BMC Proceedings (Sep 2018)

A Bayesian mixed modeling approach for estimating heritability

  • Haakon E. Nustad,
  • Christian M. Page,
  • Andrew H. Reiner,
  • Manuela Zucknick,
  • Marissa LeBlanc

DOI
https://doi.org/10.1186/s12919-018-0131-z
Journal volume & issue
Vol. 12, no. S9
pp. 117 – 122

Abstract

Read online

Abstract Background A Bayesian mixed model approach using integrated nested Laplace approximations (INLA) allows us to construct flexible models that can account for pedigree structure. Using these models, we estimate genome-wide patterns of DNA methylation heritability (h 2 ), which are currently not well understood, as well as h 2 of blood lipid measurements. Methods We included individuals from the Genetics of Lipid Lowering Drugs and Diet Network (GOLDN) study with Infinium 450 K cytosine-phosphate-guanine (CpG) methylation and blood lipid data pre- and posttreatment with fenofibrate in families with up to three-generation pedigrees. For genome-wide patterns, we constructed 1 model per CpG with methylation as the response variable, with a random effect to model kinship, and age and gender as fixed effects.

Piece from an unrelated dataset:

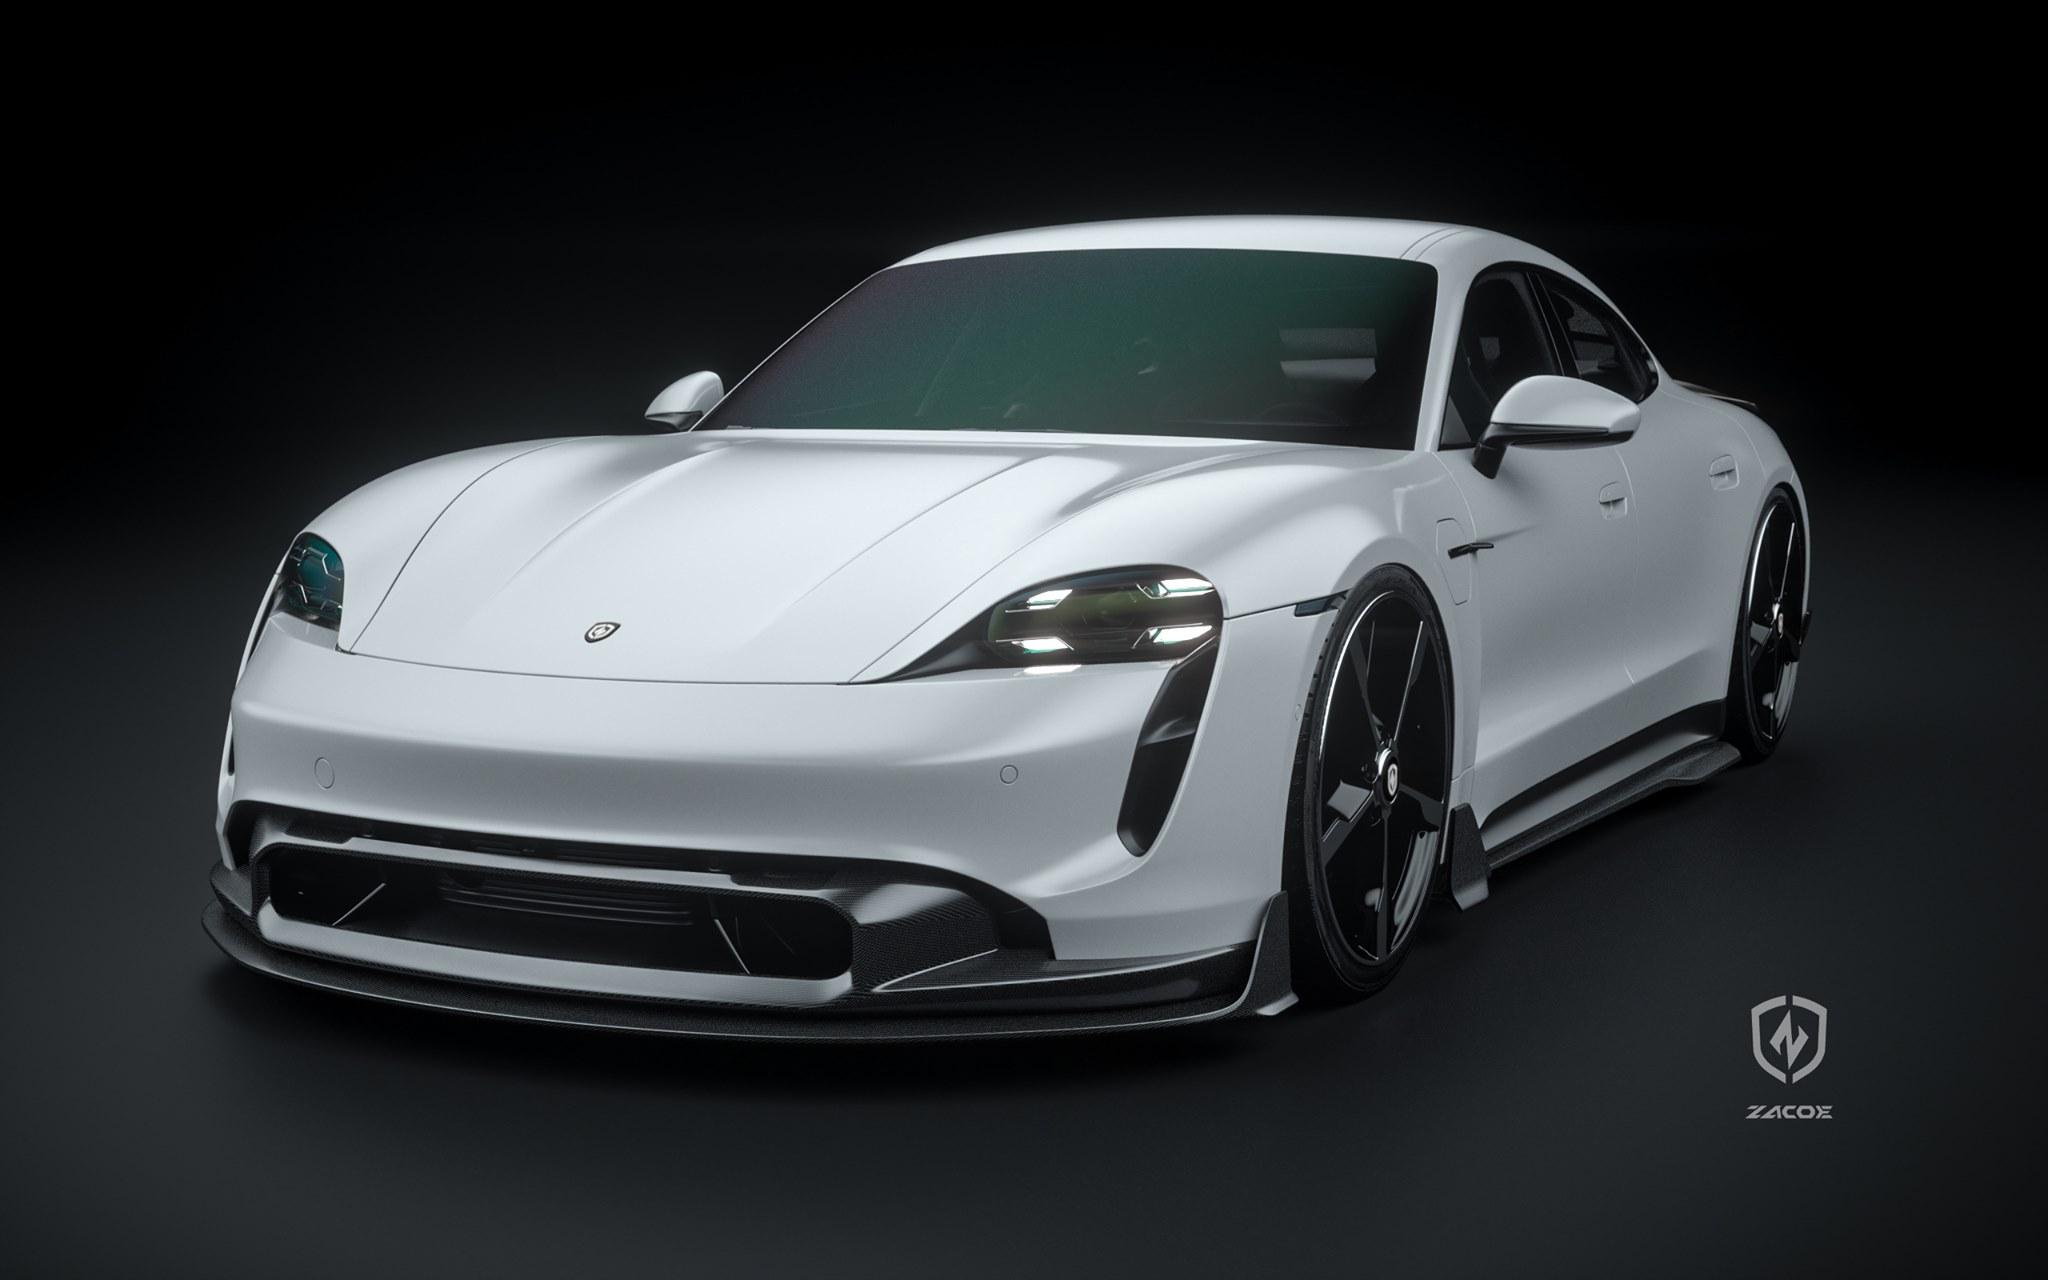 Porsche-Taycan-by-Zacoe-1

Results In total, 425,791 CpG sites pre-, but only 199,027 CpG sites posttreatment were found to have nonzero heritability. Across these CpG sites, the distributions of h 2 estimates are similar in pre- and posttreatment (pre: median = 0.31, interquartile range [IQR] = 0.16; post: median = 0.34, IQR = 0.20). Blood lipid h 2 estimates were similar pre- and posttreatment with overlapping 95% credibility intervals. Heritability was nonzero for treatment effect, that is, the difference between pre- and posttreatment blood lipids. Estimates for triglycerides h 2 are 0.48 (pre), 0.42 (post), and 0.21 (difference); likewise for high-density lipoprotein cholesterol h 2 the estimates are 0.61, 0.68, and 0.10. Conclusions We show that with INLA, a fully Bayesian approach to estimate DNA methylation h 2 is possible on a genome-wide scale. This provides uncertainty assessment of the estimates, and allows us to perform model selection via deviance information criterion (DIC) to identify CpGs with strong evidence for nonzero heritability.